What to work on: Give back the exact lines of the material below from the one containing "it here: bit.ly/3UU3Koq" through the one containing "Example of Cumulus", and no pictures.
Listed records: Begin
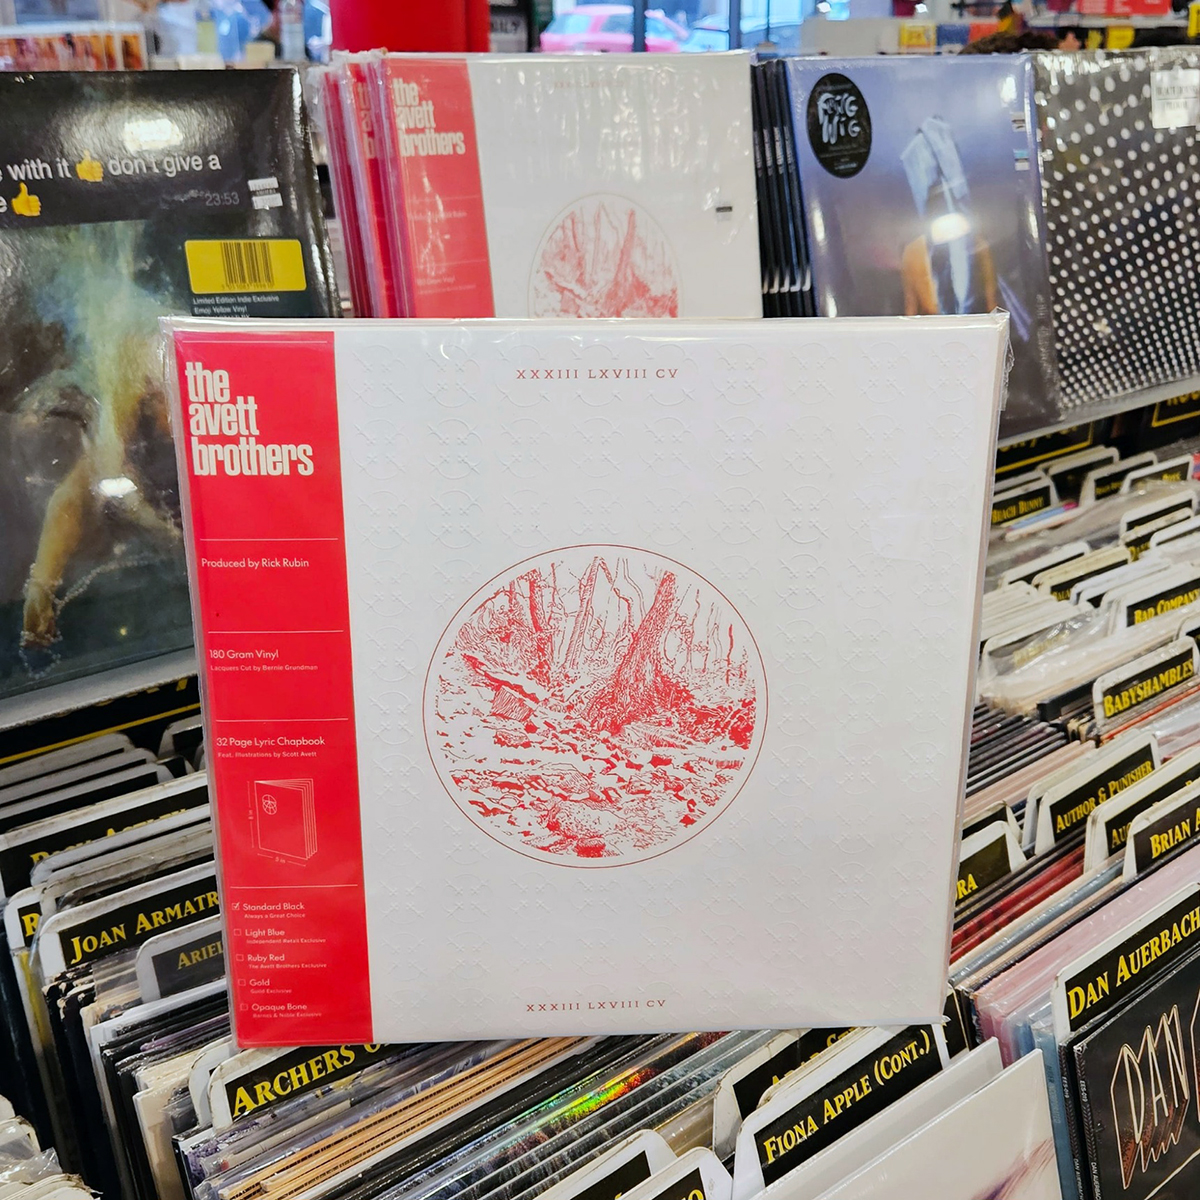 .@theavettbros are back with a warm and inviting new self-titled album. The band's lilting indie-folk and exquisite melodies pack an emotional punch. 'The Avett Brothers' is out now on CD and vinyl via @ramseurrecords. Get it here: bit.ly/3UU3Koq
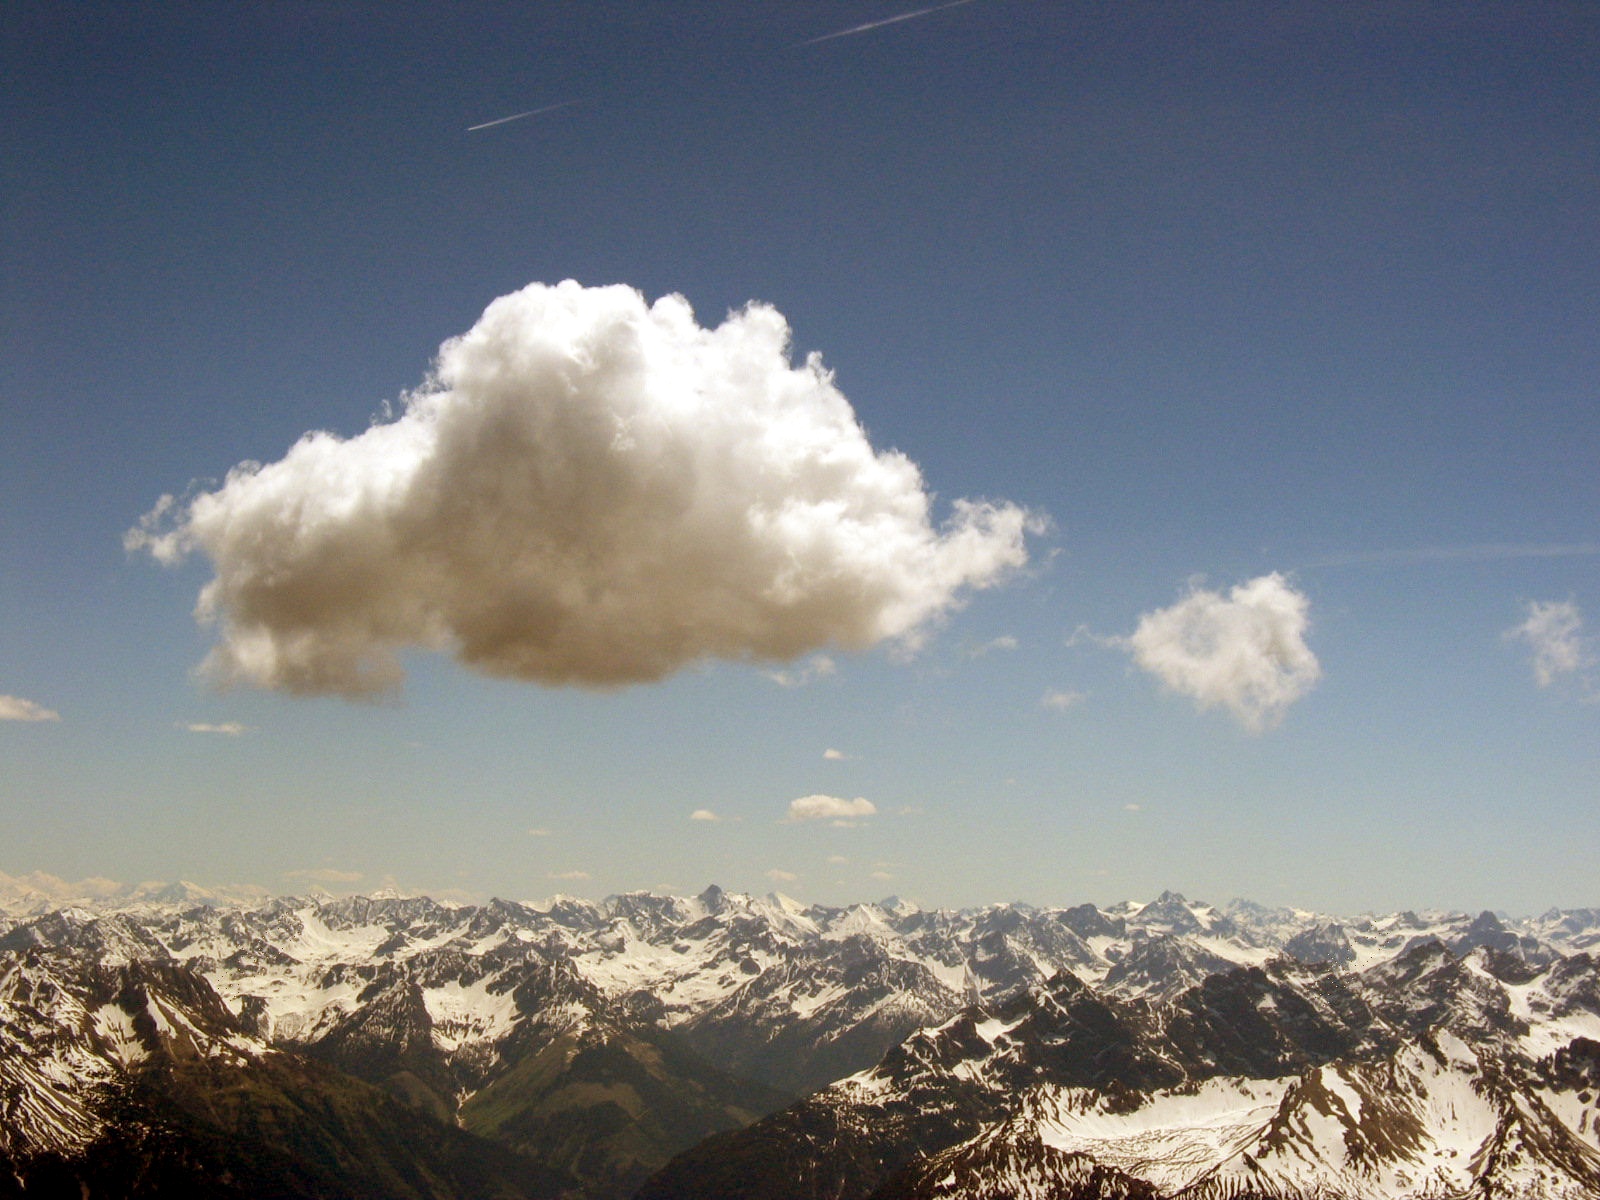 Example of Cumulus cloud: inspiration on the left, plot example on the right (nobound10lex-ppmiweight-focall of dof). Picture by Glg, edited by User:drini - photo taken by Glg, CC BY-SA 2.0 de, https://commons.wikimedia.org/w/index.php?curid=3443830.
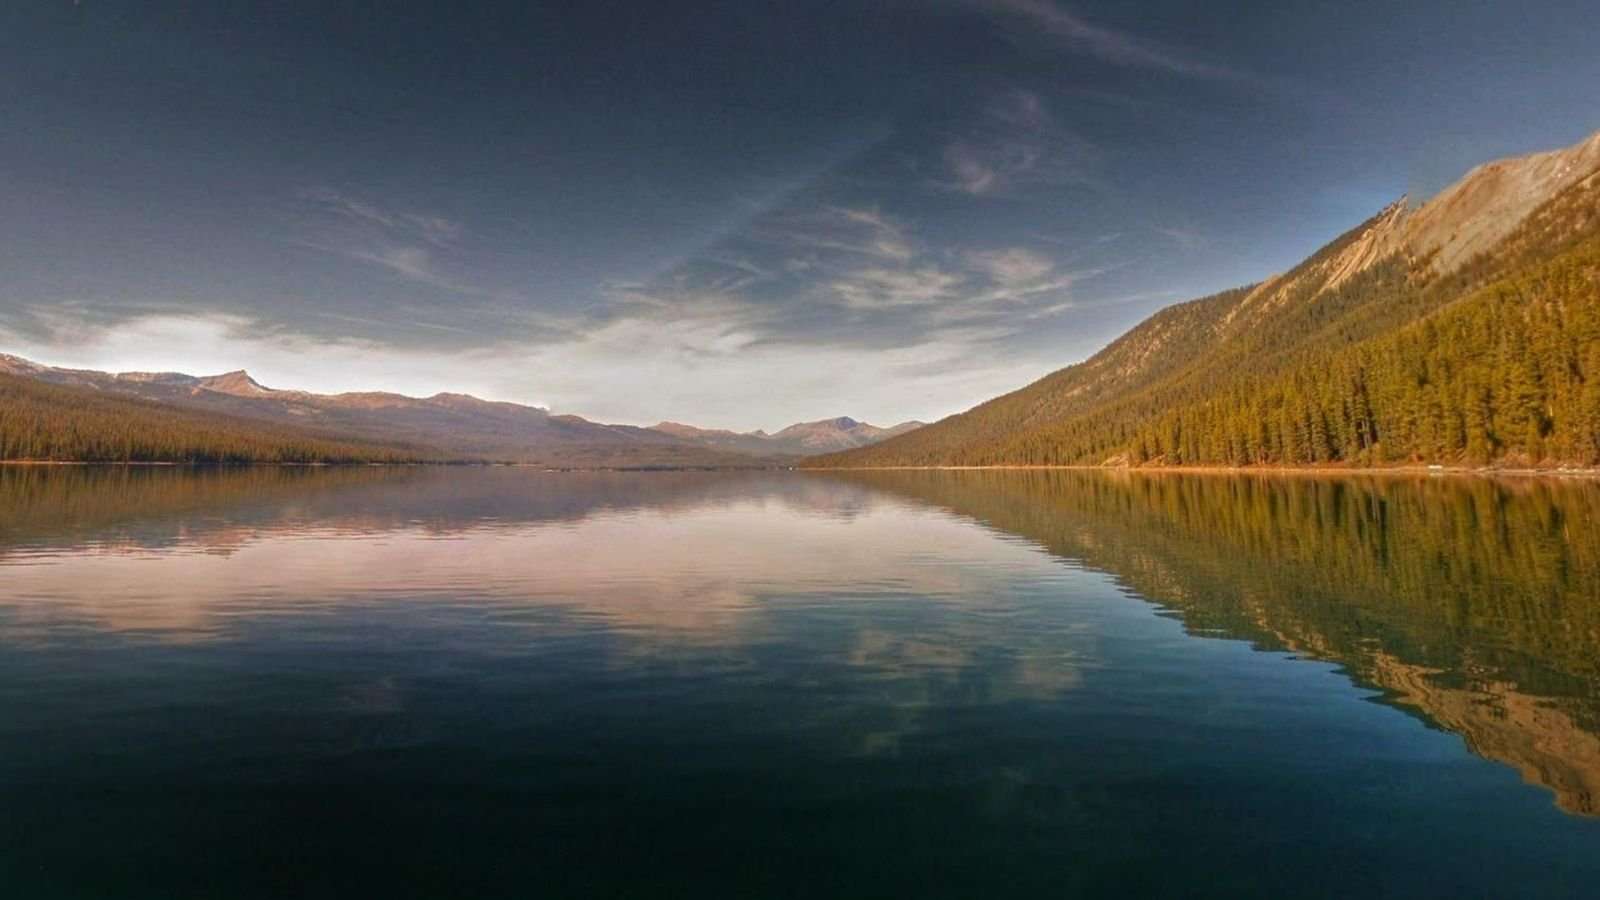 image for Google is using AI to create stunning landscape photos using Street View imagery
Listed records: End
Listed records: Begin
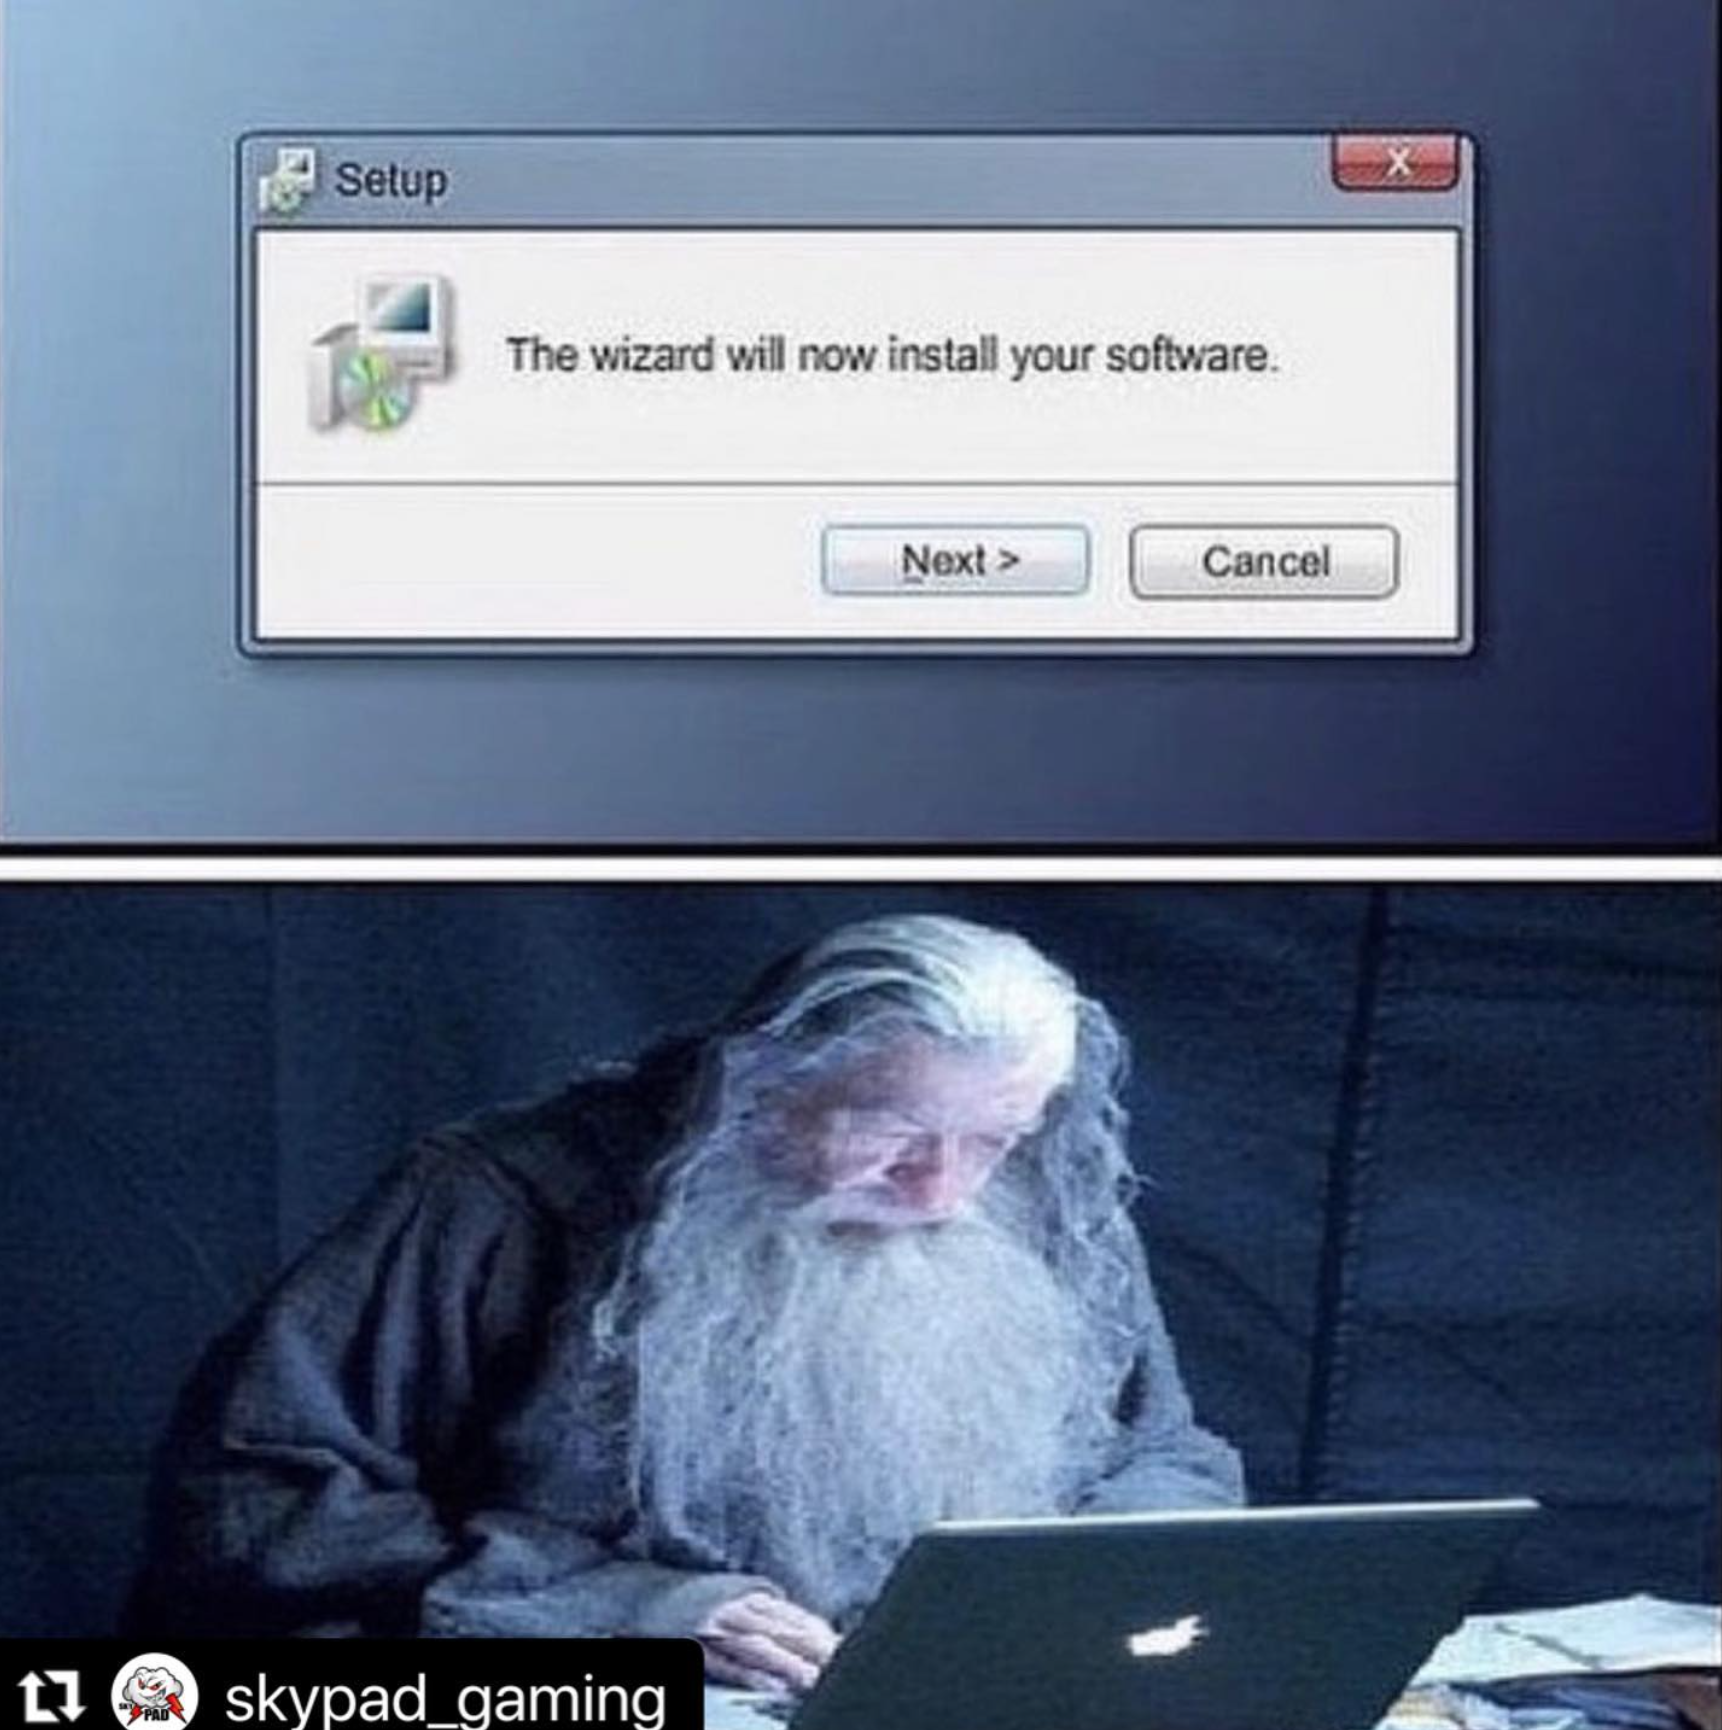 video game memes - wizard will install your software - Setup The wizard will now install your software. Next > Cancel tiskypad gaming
Listed records: End
Solution to the problem:
 .@theavettbros are back with a warm and inviting new self-titled album. The band's lilting indie-folk and exquisite melodies pack an emotional punch. 'The Avett Brothers' is out now on CD and vinyl via @ramseurrecords. Get it here: bit.ly/3UU3Koq
 Example of Cumulus cloud: inspiration on the left, plot example on the right (nobound10lex-ppmiweight-focall of dof). Picture by Glg, edited by User:drini - photo taken by Glg, CC BY-SA 2.0 de, https://commons.wikimedia.org/w/index.php?curid=3443830.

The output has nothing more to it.